[ExI] Expected Cultural and Genetic Effects in the Present

Lee Corbin lcorbin at rawbw.com
Thu Apr 23 04:31:32 UTC 2009


Jef (Aware) wrote

> On Wed, Apr 22, 2009 at 5:27 AM, Lee Corbin <lcorbin at rawbw.com> wrote:
> 
>> Even *ten* years ago, a white kid I knew
>> mentioned that he went to a math competition
>> here in the bay area, and out of a hundred or
>> so kids there, he was the only white.
>>
>> That's just the reality. Go to the elementary
>> classrooms yourself, and try to talk to kids
>> about math or chess or something, if you don't
>> believe me...
> 
> Lee, you make a good point and I don't dispute that there's some
> genetic component, but I think it's even more to do with culture.

That sounds more plausible than the case in which
I have a tremendous amount of experience, namely,
as a chess instructor for over forty years (with
one U.S. champion to my credit, and eight other
masters).

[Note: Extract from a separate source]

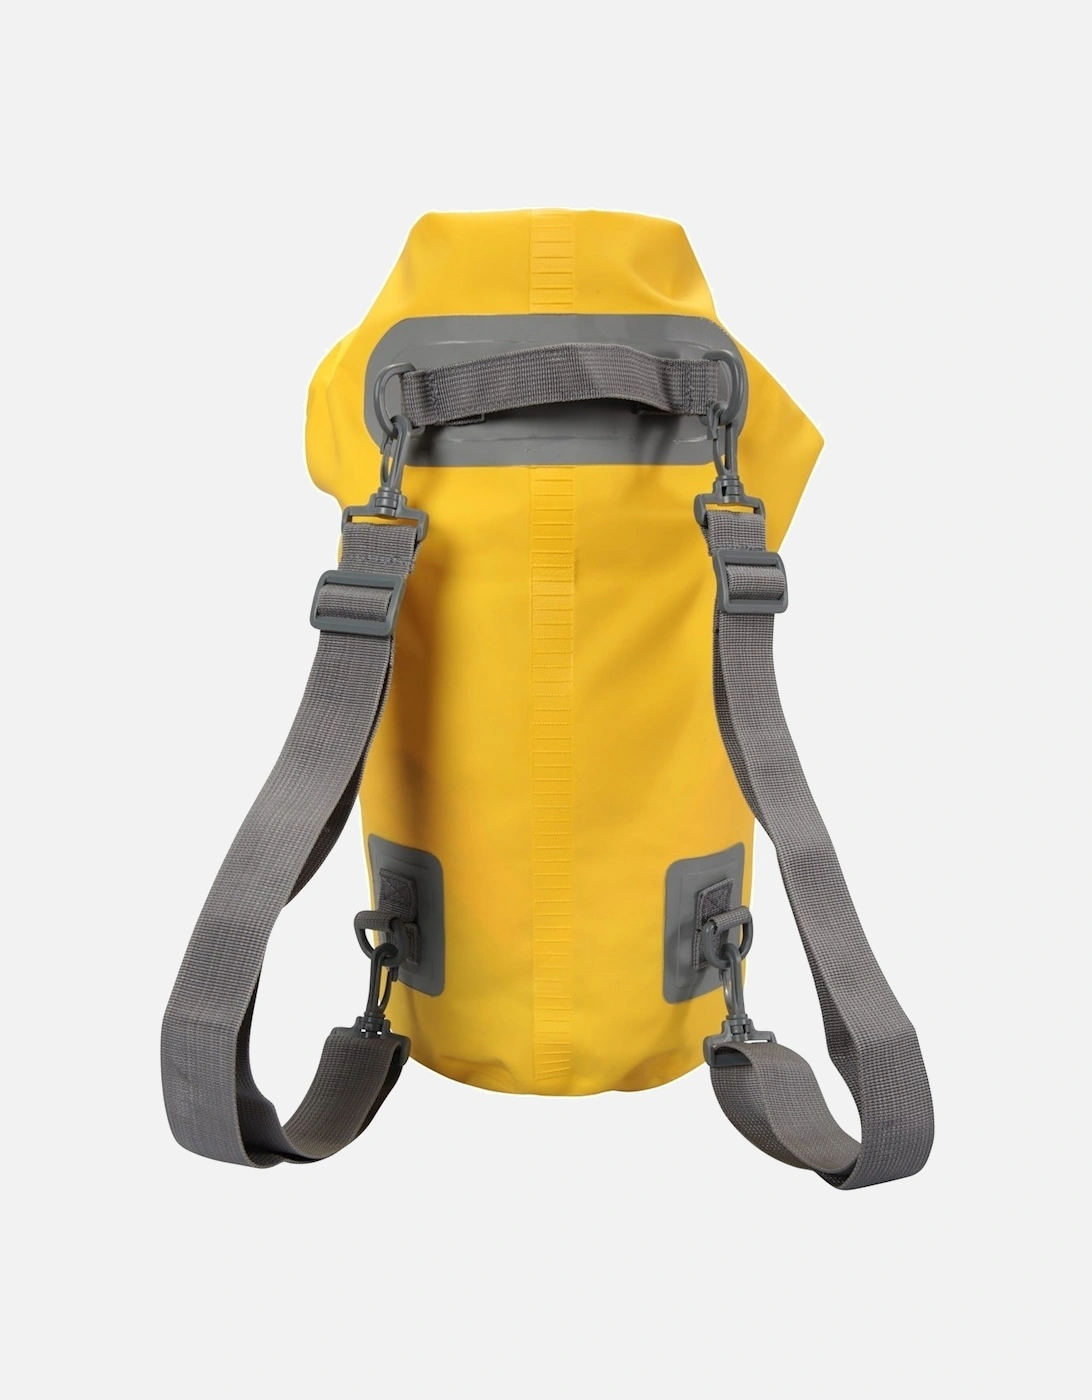 Waterproof 10L Dry Bag

I've just got a very strong feel watching
people play chess, and especially kids: I am seeing
a genuine talent component at work.

(I also happened to once have have a conversation
with my opposite number on the other side of the bay:
his notes compare precisely with mine.)

> I lived in Japan for a few years, and traveled and worked extensively
> throughout Asia for over a dozen years.  I felt at home with the
> people there, to the extent that the culture shock coming "home" to
> big brash barbaric California was greater than the adjustments I made
> as an expat.
> 
> And I saw the same kinds and ranges of personality there as here, and
> roughly the same distribution of intelligence throughout the
> population.

In fact we should expect to have a biased sample here
in America. The kids I see, who appear so effortlessly
talented, are almost all Chinese---and of course there
is a selection immigrant gradient. But still! It's
just over the top (i.e., even matched IQ kids of other
ethnicities don't play chess as well, I think).

> But the biggest difference I saw between smart there and smart people
> here--which still jars me on a daily basis--is the western emphasis
> (incoherent in my opinion) on what an object *is*, contra the Asian
> emphasis on what an object means, based on its relations within
> context.

There must be (or should be) some striking intellectual,
economic, or other competitive results that stem from
this. Any idea what?

(BTW, it's widely thought that the Chinese will be supreme
in chess by and by, and that the reason they're not already
is that by far most of their effort along these lines
goes into Go. On the other hand, we're not seeing SFAIK
unusual numbers of scientific or mathematical breakthroughs
from there.)

> Ironically, over several years on the Extropy list, you were my
> biggest test case.  Trying to see whether a smart, highly verbal,
> highly motivated "rationalist" could ever cross the divide.

On one side, I am the one upbraiding Libertarians all the
time for not seeing our beloved theories in the context
of a given civilization or society. On the other side,
your efforts I hope were not in vain: I do make more of
a conscious effort to be aware of context. Well, sometimes.